MessageManager lock too long time in OpenGL CachedImage

Recently we received some reports from our user that the GUI is stucked (including key/mouse operation and regular JUCE component rendering), but OpenGL rendering is not affected. This issue only happen on their computer and we cannot reproduce it on any of our computers.

After some inspect, we found it is probably caused by the acquirement on MessageManagerLock in OpenGL threads too long time, so that it is blocking message thread running fluently.
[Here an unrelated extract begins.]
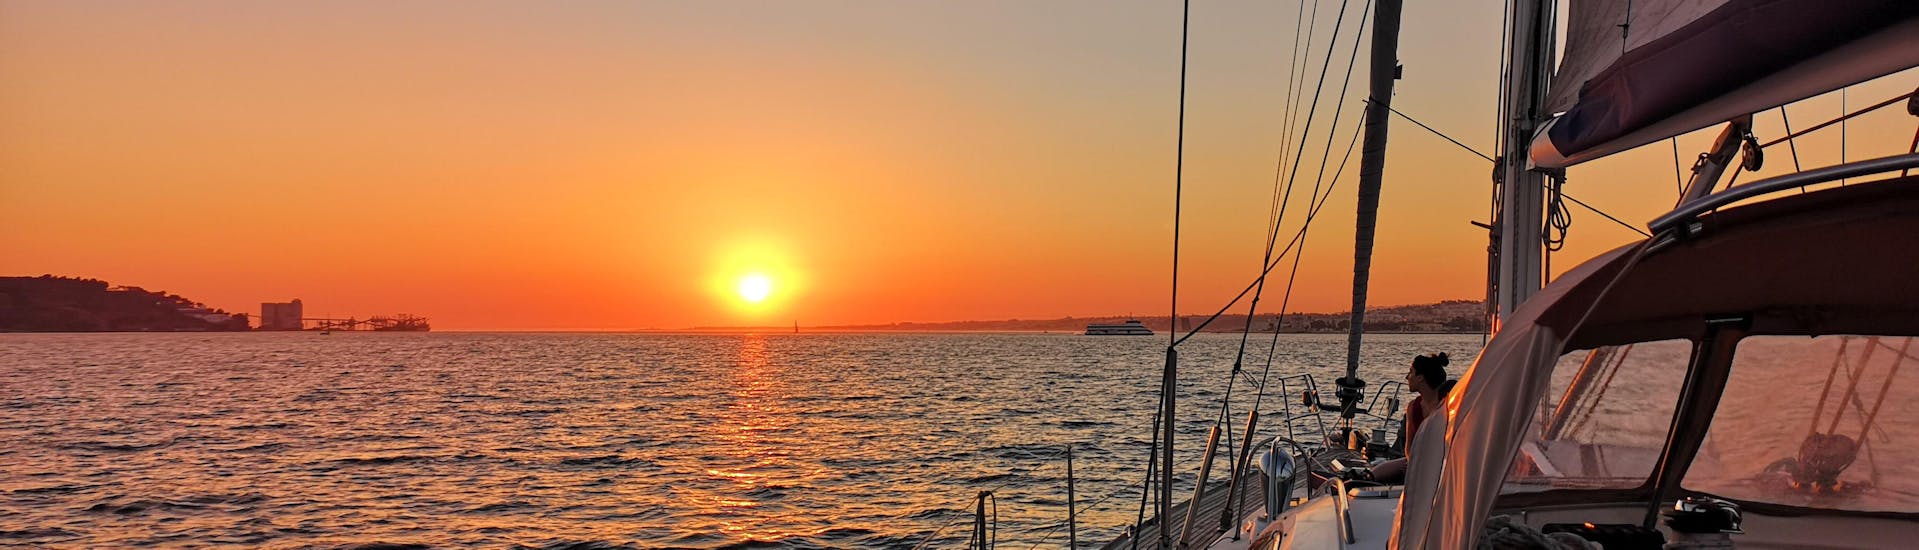 Contemplar la puesta de sol durante el paseo en velero por el Tajo

We browsed the code of the OpenGL rendering part, it seems all crucial stuffs are located in CachedImage::renderFrame():

// original code
bool renderFrame()
{
    // lock is possibly acquired at very beginning
    MessageManager::Lock::ScopedTryLockType mmLock (messageManagerLock, false);

    // ...... some actions we do not understand ......

    // all OpenGL rendering calls occur inside this function
    context.renderer->renderOpenGL();

    // ...... some actions that render the related JUCE component......

    // swap buffer and context turning off
    context.swapBuffers();
    OpenGLContext::deactivateCurrentContext();
    return true;
}

There have possibility that the lock to message thread is acquired at the very beginning of the function, and it is retained during the whole function.

Previously, we have also noticed that in some GPU driver implementations, the SwapBuffers() and wglMakeCurrent (nullptr, nullptr) calls took extremely high CPU consumption because they are busy-waited. And it seems these two operations don’t need message thread at all. So we tried to exclude these two functions from the range of message manager lock:

// mod1 code
bool renderFrame()
{
    // lock is possibly acquired at very beginning
    std::unique_ptr<MessageManager::Lock::ScopedTryLockType> mmLock (new MessageManager::Lock::ScopedTryLockType(messageManagerLock, false));

    // ...... some actions we do not understand ......

    // all OpenGL rendering calls occur inside this function
    context.renderer->renderOpenGL();

    // ...... some actions that render the related JUCE component......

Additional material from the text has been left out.